EL HIJO DEL PRESIDENTE

Status: En proceso
Genre:CEO / Amor prohibido / Amor-odio
Popularitas:8.2k
Nilai: 5
nombre de autor: Yazz García

Todo el mundo conoce a Henrry Montenegro.
Heredero del conglomerado empresarial más poderoso del planeta. Soltero más codiciado del mundo. Escándalo favorito de la prensa. Dolor de cabeza permanente de su padre, Augusto Montenegro, el hombre que construyó un imperio valorado en miles de millones de dólares.
En el Holding Montenegro, el dinero y el estatus lo controlan todo... excepto a él. Henrry es guapo, irreverente y magnético; el hijo mayor del implacable magnate parece tener como única misión en la vida arrastrar el prestigioso apellido familiar por las portadas de los tabloides y sabotear la perfecta e intachable imagen corporativa de su dinastía. Para el mundo, Henrry es solo un fiestero inmaduro y cínico que se niega a crecer. Para su padre, es una constante decepción que debe ser alineada a la fuerza.

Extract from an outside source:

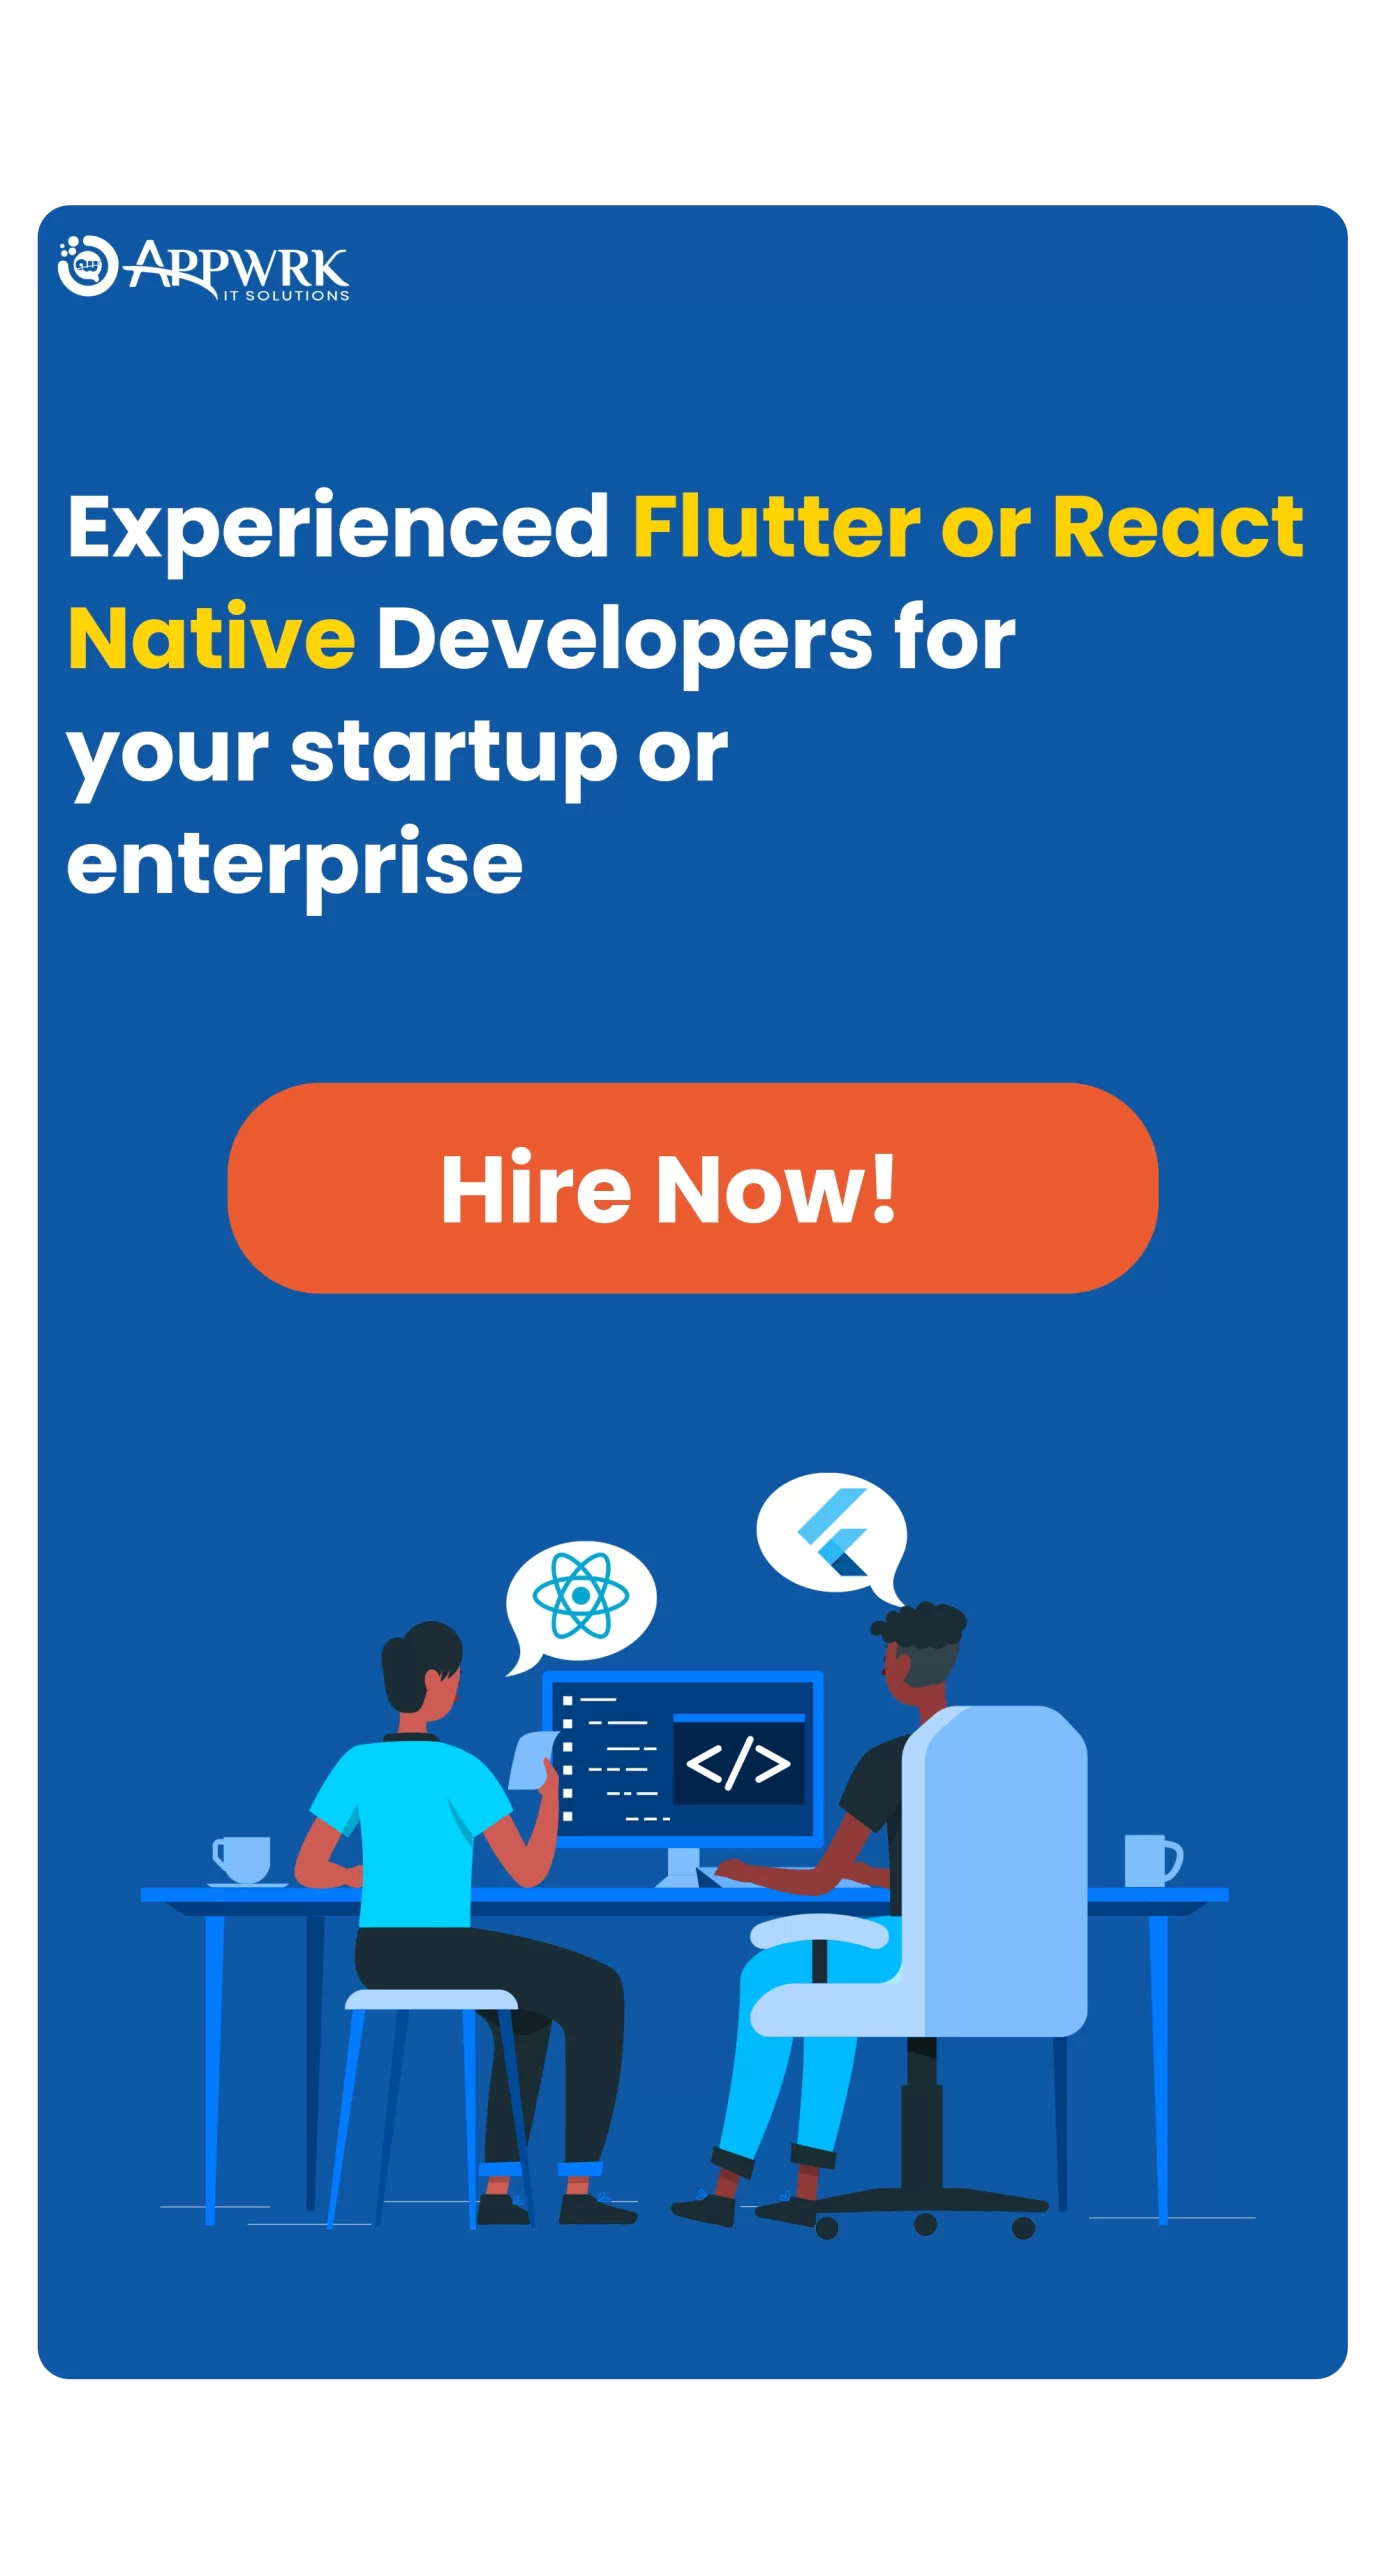 Experienced Flutter or React Native Developers for your startup or enterprise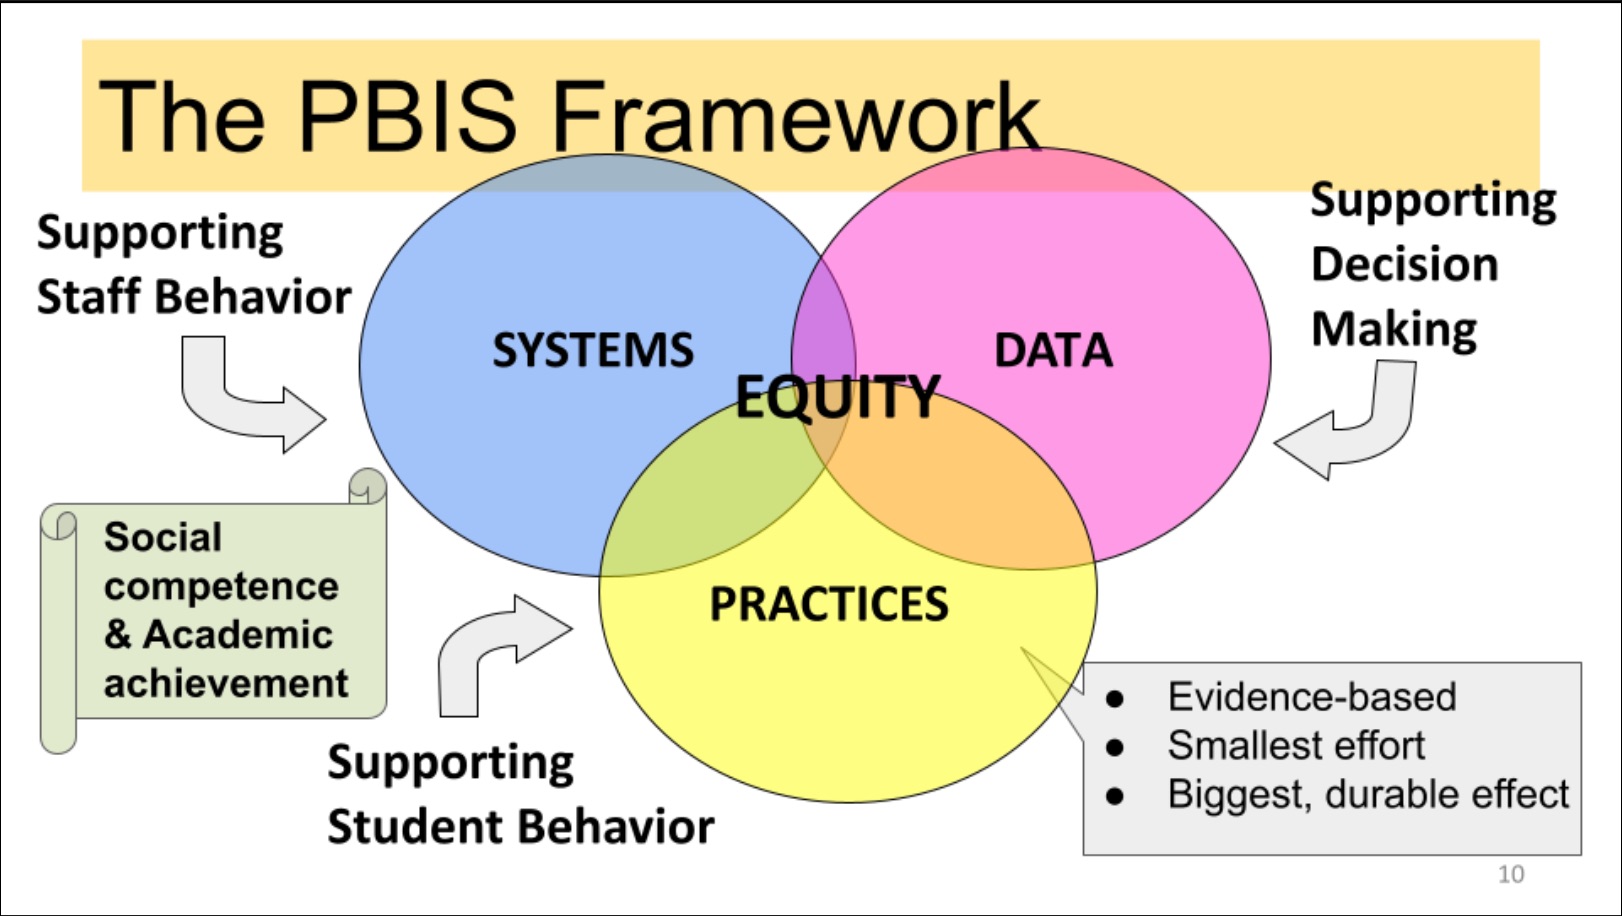 A Venn diagram showing how Equity exists where Systems, Data, and Practices overlap.

NovelToon tiene autorización de Yazz García para publicar esa obra, el contenido del mismo representa el punto de vista del autor, y no el de NovelToon.

Capítulo 3

...AITANA ...

Hay un placer casi místico en llegar a casa, lanzar los tacones prestados al rincón más lejano de la sala y sentir el piso frío bajo las medias. Aunque en mi caso, el placer venía acompañado por el dolor punzante de tres ampollas nuevas y el peso de saber que había arruinado la entrevista de mi vida.

—¿Entonces el hijo de ese magnate es un payaso impertinente? —preguntó mi mamá, pasando un paño por la mesa del comedor mientras yo me aplicaba una pomada en los pies.

—Mamá, "payaso" es un cumplido. El tipo se cree el dueño del sol solo porque su papá es el dueño del país —suspiré, dejándome caer en la silla—Lo siento mucho, má. Sé cuánto significaba esa oportunidad y el dinero que nos habría ayudado para las responsabilidades de la casa, pero... no pude quedarme callada. Me dolió ver cómo trataba a las demás profesionales.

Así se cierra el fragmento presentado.